Foundation Models for Data Visualization
Can LLMs and Diffusion Models upend a classically troublesome workflow?
If you've ever done much data visualization work, you know how annoying the process can be. Despite myriad tools with huge numbers of chart types and endless configuration options, it is often extremely difficult to show data in precisely the way you want to show it.
Yet, effective data visualization is often all about these minor, “last mile” details. Take a look at a New York Times data science article or a McKinsey slide deck, and often what makes the chart effective are the callouts, the highlights, the annotations, or more broadly the deviations from a standard bar, column, or line chart. This is why almost all great visualizations start in a BI tool, but end in powerpoint or some other pixel editing software - you often need both to create something great.
If you look at the developer side of data visualization, a similar story emerges. Basic charting libraries like Chart.js are extremely easy to use, but very limited in their expressiveness. If you want to build a really compelling, dynamic data visualization, you can use a library like d3.js, but the issue is that it is extraordinarily complex. There are so many options and the APIs are so low level that to really master it takes months.
It strikes me that recent advances in foundation models may be able to change these dynamics substantially. Specifically, the following attributes of foundation models are interesting relative to data visualization:
Language models are very good at analyzing & understanding data - ChatGPT works well for data science, data preparation/munging, SQL generation, and more.
Diffusion models are very good at image creation & modification. While most work thus far in diffusion models focuses on cinematic or art-oriented images, it would not surprise me that a focused model for data visualization could be built.
Foundation models are very good at iterative refinement tasks expressed through a conversational or natural language interface. I thinks this maps very well to an ideal workflow for data visualization and storytelling.
If you combine these things, I can imagine a data visualization workflow of the future might look like the following:
Natural language is used to describe the narrative or story you want to tell relative to a dataset. “Create a graph which highlights changes in COVID hospitalizations and deaths over the last 2 years”
A fine-tuned language model, trained to map natural language inputs to a set of graphing & visualization primitives, creates a baseline visualization.
The user is then able to use natural language to specify or alter the visualization. “Change the color of the COVID deaths line to a muted orange, add a legend, and add a highlight that calls out August 23, 2021 as the date the first vaccine was released”
A language model is used to interpret the changes, and use that to edit/modify the graph further. Potentially, a diffusion model is used in some cases to “draw” or “layer” certain embellishments on the graph (discussed in more depth below).
Such an approach would dramatically improve the iteration speed of building a data visualization, especially for non-experts who have not spent years using Tableau or similar. It would also allow “institutional knowledge” to be baked in - there are a number of fairly well understood best practices in data visualization which I believe could likely be embedded into a fine tuned language model, such that it in many cases can choose the right chart type for you and your data if you do not explicitly specify it in the prompt. Finally, it would allow for much more expressive charting APIs to be taken advantage of without increasing the cognitive burden on the user.
Questions to consider for this workflow:
System Architecture - There are a number of ways to build a system like this. The most naive would be to simply prompt a language model to output a structured specification that maps to a data visualization API (e.g. imagine you prompt a language model “Output d3.js code which creates a data visualization that adheres to the user’s data visualization request. Run a javascript REPL to execute that code with the dataset provided”). The most advanced would be to train a custom model that maps natural language to a layered/componetized design file. There are many options in between. I imagine the right answer is a complex, hybrid system.

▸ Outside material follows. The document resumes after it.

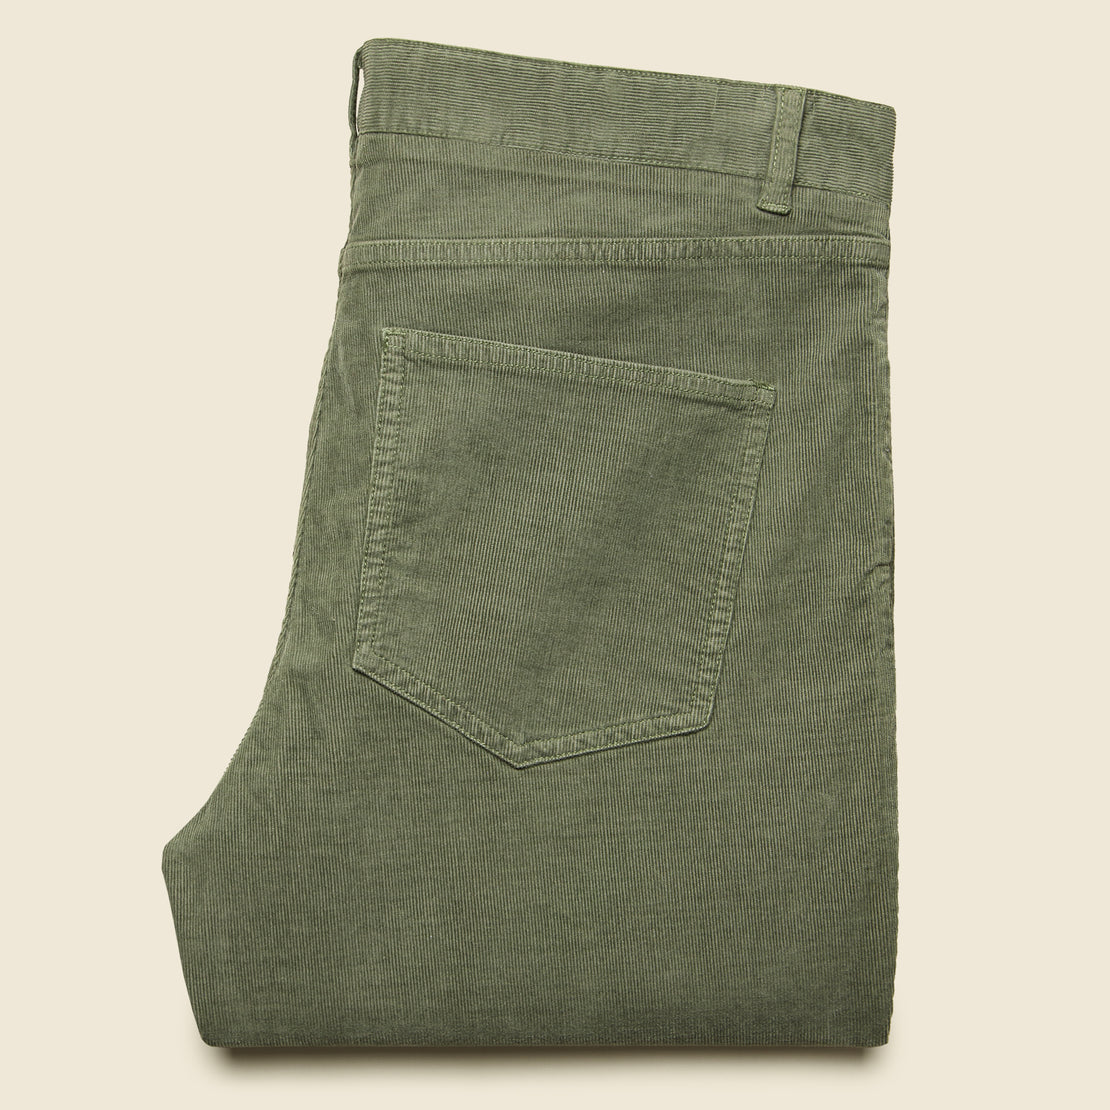 Stretch Corduroy Pant - Washed Olive - Faherty - STAG Provisions - Pants - Corduroy

Should a diffusion/image model be used at all? You will still want to allow for traditional, non-language based editing workflows to be used, such as clicking on an axis to change the axis title. These sorts of workflows will be difficult to achieve if the output is an image without layers/components. Diffusion/image models seem most potentially useful for the last mile embellishments commonly used to decorate a data visualization
What data can be used to train/fine-tune the system? The good news is there are millions of good examples of data visualizations online, and almost all have an associated summary/story. This creates an implicitly labeled pair of natural language to data visualization. The issue is that these online examples do not contain the “intermediate” representation you really care about for the editing workflow, which is some componetized/layered design file, or the API specification for a charting library.

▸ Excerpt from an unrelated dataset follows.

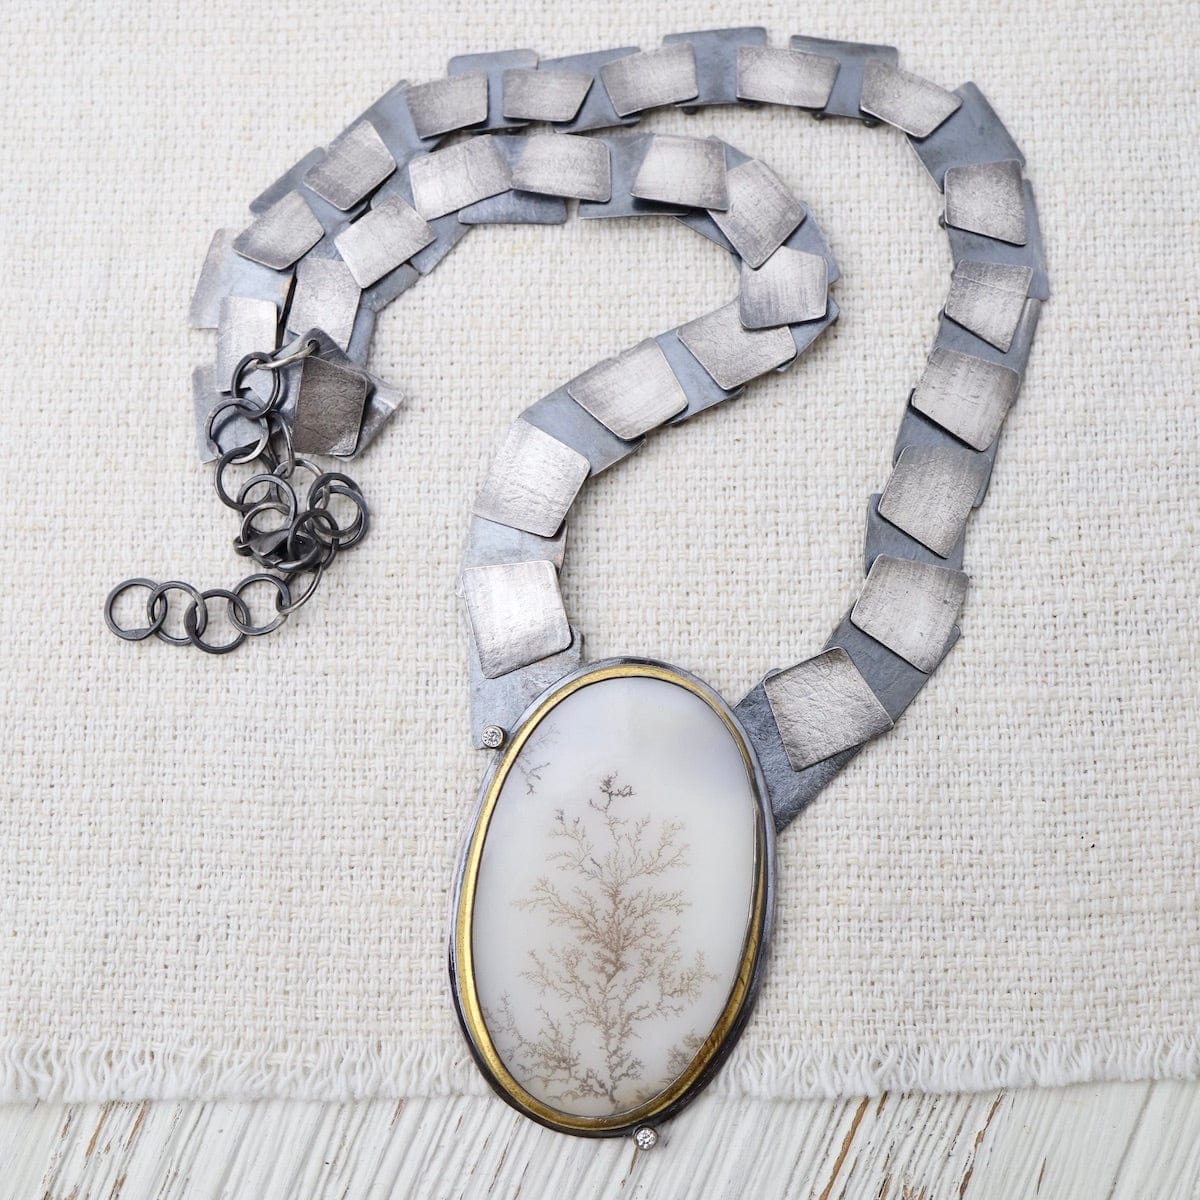 NKL One of a Kind Dendrite Queen Necklace

How does this relate to the exploratory data exploration workflow? Feature engineering and data munging are core parts of data visualization, so it is hard to consider data visualization in isolation. How should this fit into existing data tools & systems? Would it be better off bundled with them?

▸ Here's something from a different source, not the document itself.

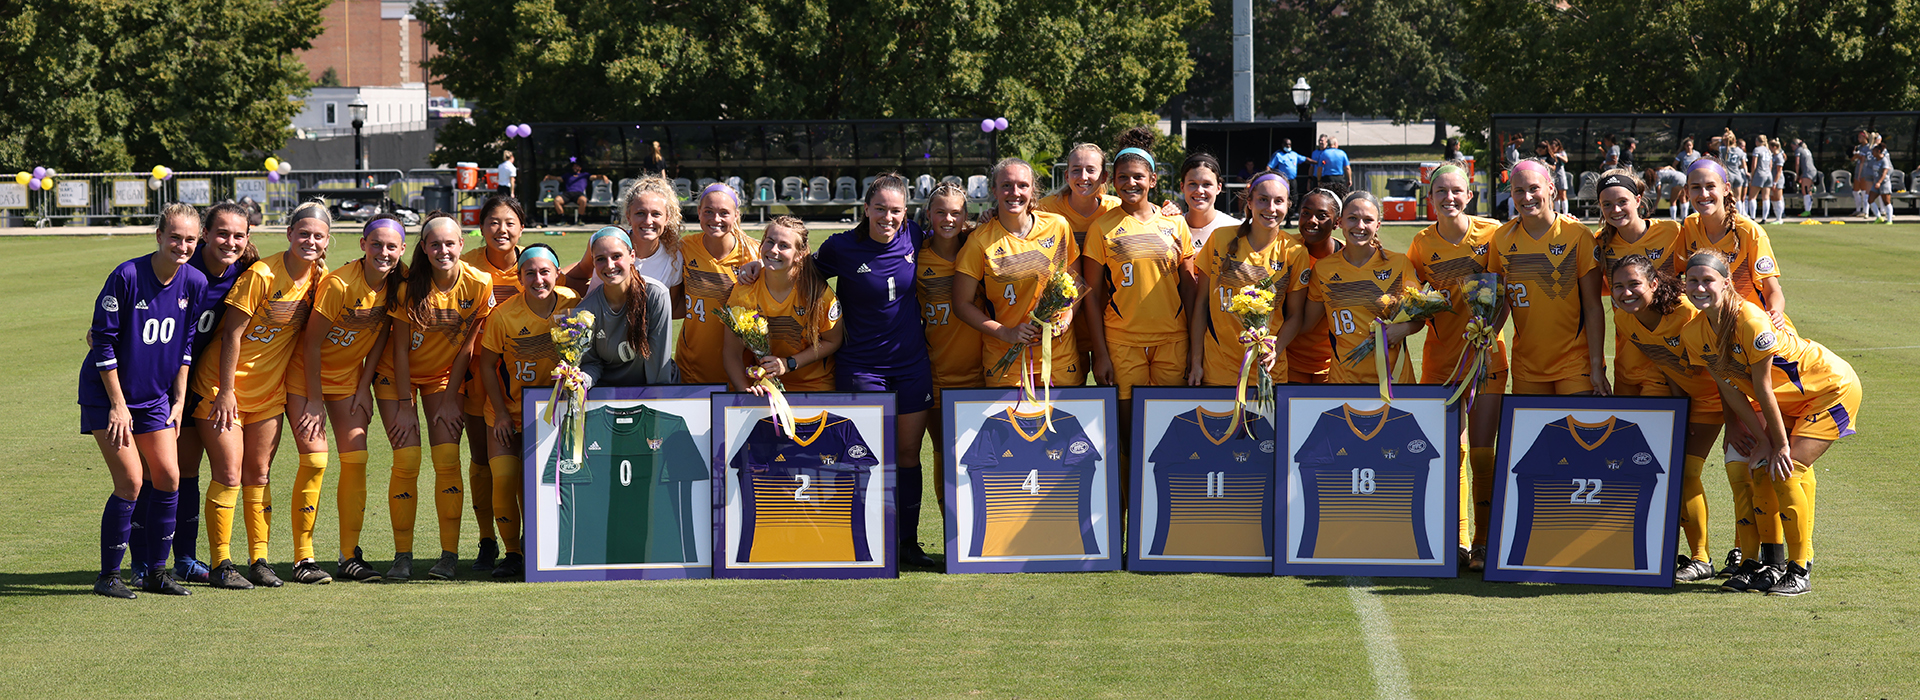 Smith’s penalty kick score leads Tech to double overtime win on Senior Day

I suspect there may be an opportunity for a startup that deeply rethinks the end-to-end data storytelling and visualization process using these recent AI primitives. Even outside of BI and analytics tools, there are a number of companies in data visualization that generate substantial revenues with even basic functionality such as Mekko Graphics, Efficient Elements, and Prism. It would be especially interesting to see a model developed that maps natural language to a custom, layered design format for complex charts (analogous to a Figma/Sketch file). This “vertical” approach would allow one to take full advantage of image/visual models, while still preserving control for the user, and would allow for a more end-to-end feedback loop to be built.